Jon felt his stomach start to clench.

"I know our responsibilities aren't as clearly delineated here as they should be," Brienne began. "I'm your advisor just as much as Jaime is. Your authority is a lot more flexible than it would be in a conventional arrangement. And maybe mine is as well. There's never been a Lady Commander of the Kingsguard, much less one that's married and a mother. So maybe I accept more help than I should."

"I relaxed the celibacy requirements for the sake of you and Jaime," Jon said gently.

"Don't pretend that it was merely mercy," Brienne scolded him. "There was politics behind it, too. And that was your idea."

"The politics was secondary," Jon insisted. "I couldn't do this alone, and Jaime would be of no use to me if he didn't have you. You know that, Brienne. You've known that for seven years."
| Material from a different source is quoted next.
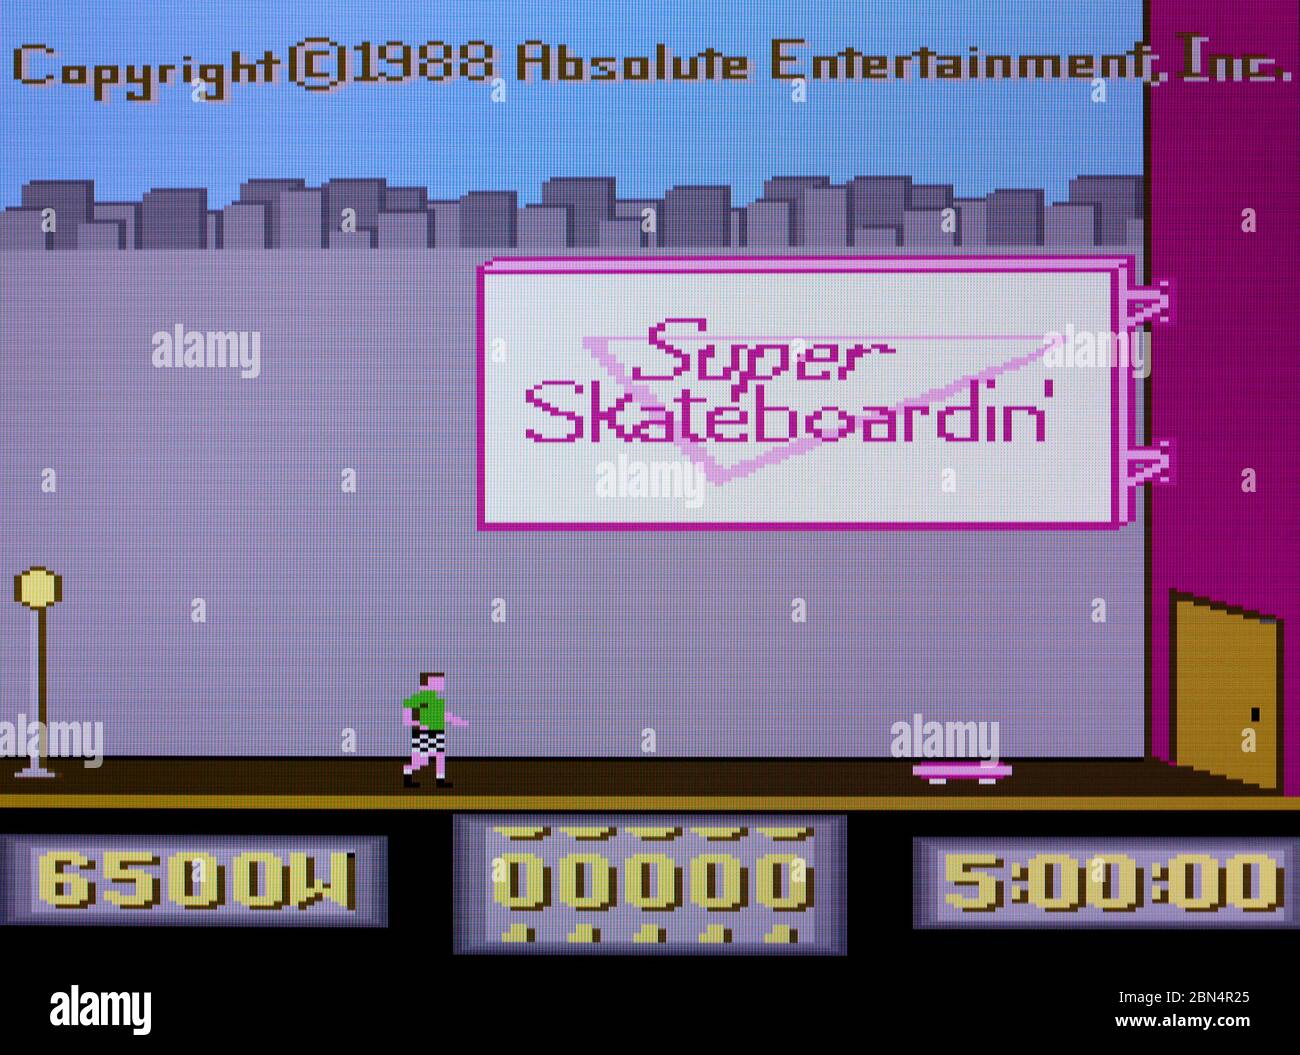 Super Skateboardin' - Atari 7800 Videgame Stock Photo
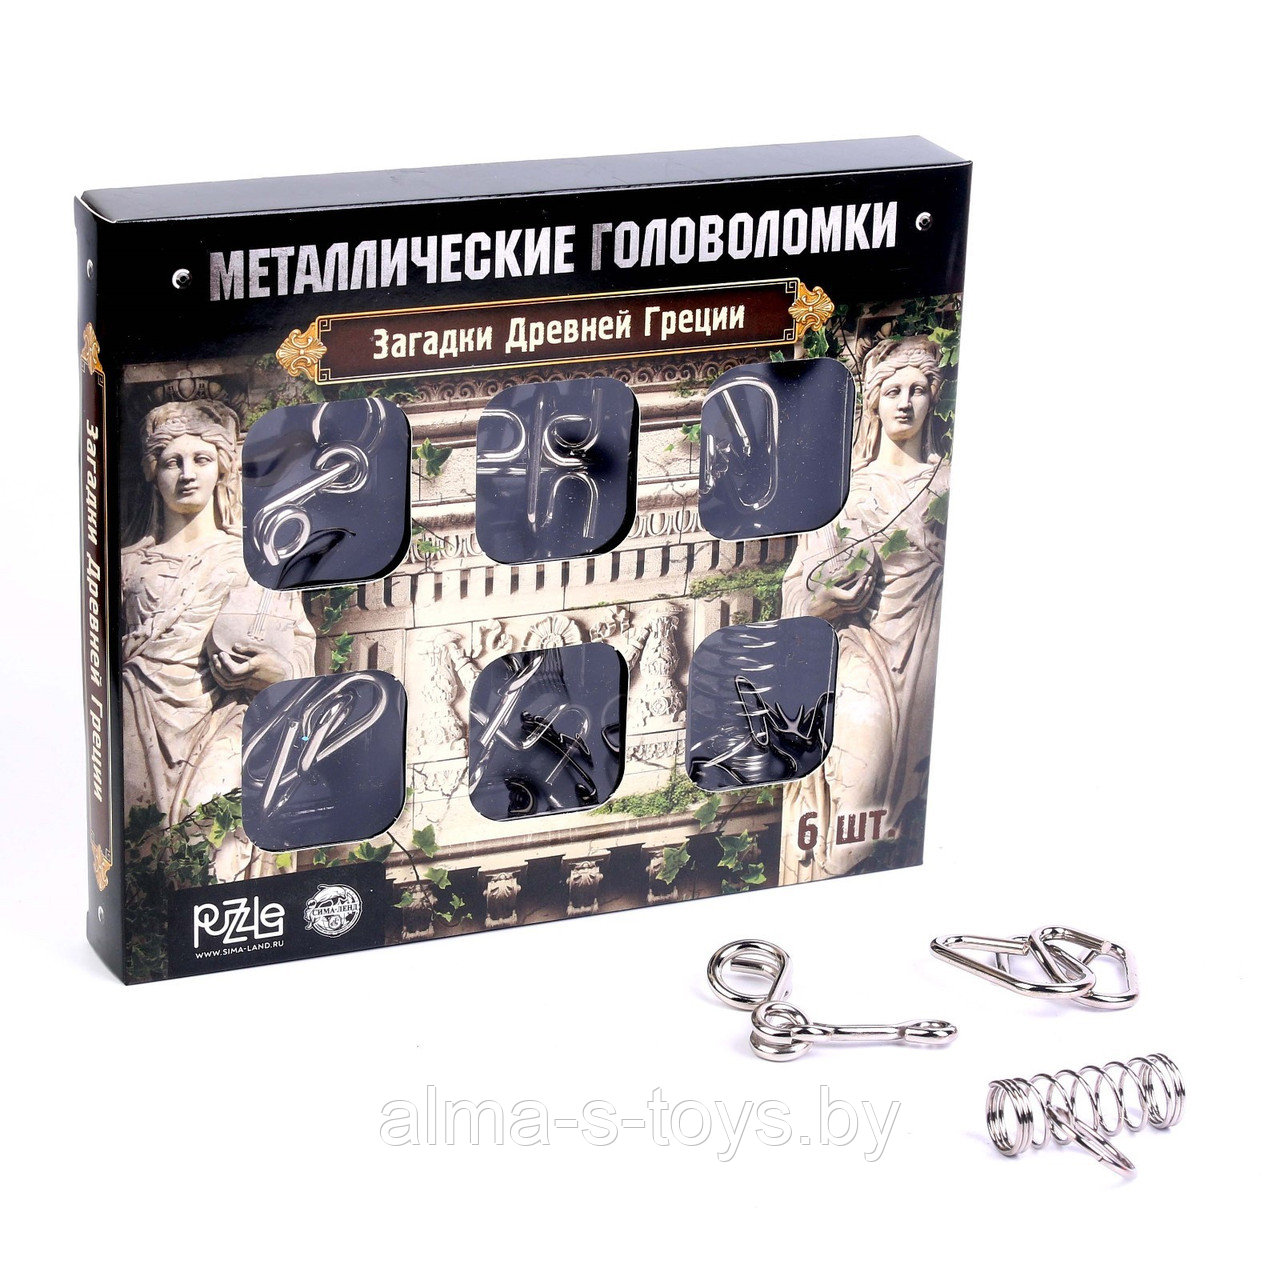 Набор металлических головоломок "Загадки Древней Греции"(6 шт), в ассорименте

"That's not what I'm attempting to argue, your grace," Brienne said angrily.

"Don't do that," Jon retorted. "We had an agreement a long time ago you wouldn't do that."

"I know you're more involved with my children than most people would think was proper for a sovereign," Brienne replied, the edge fading from her voice. "I'm not sure I know what's proper or not in this situation. And I've appreciated it. But I should have been the one to tell them that their father killed who he was sworn to protect. That should have been my responsibility. Mine and Jaime's. Not yours."

"I'm sorry," Jon told her. "I didn't intend to be the one that told them. It just – "

"You can face down councils and smallfolk in five kingdoms and make them bend to your will, as well as negotiate with the Free Folk and your sister's lords, but you can't thwart the demands of two manipulative Lannister children?" Brienne asked.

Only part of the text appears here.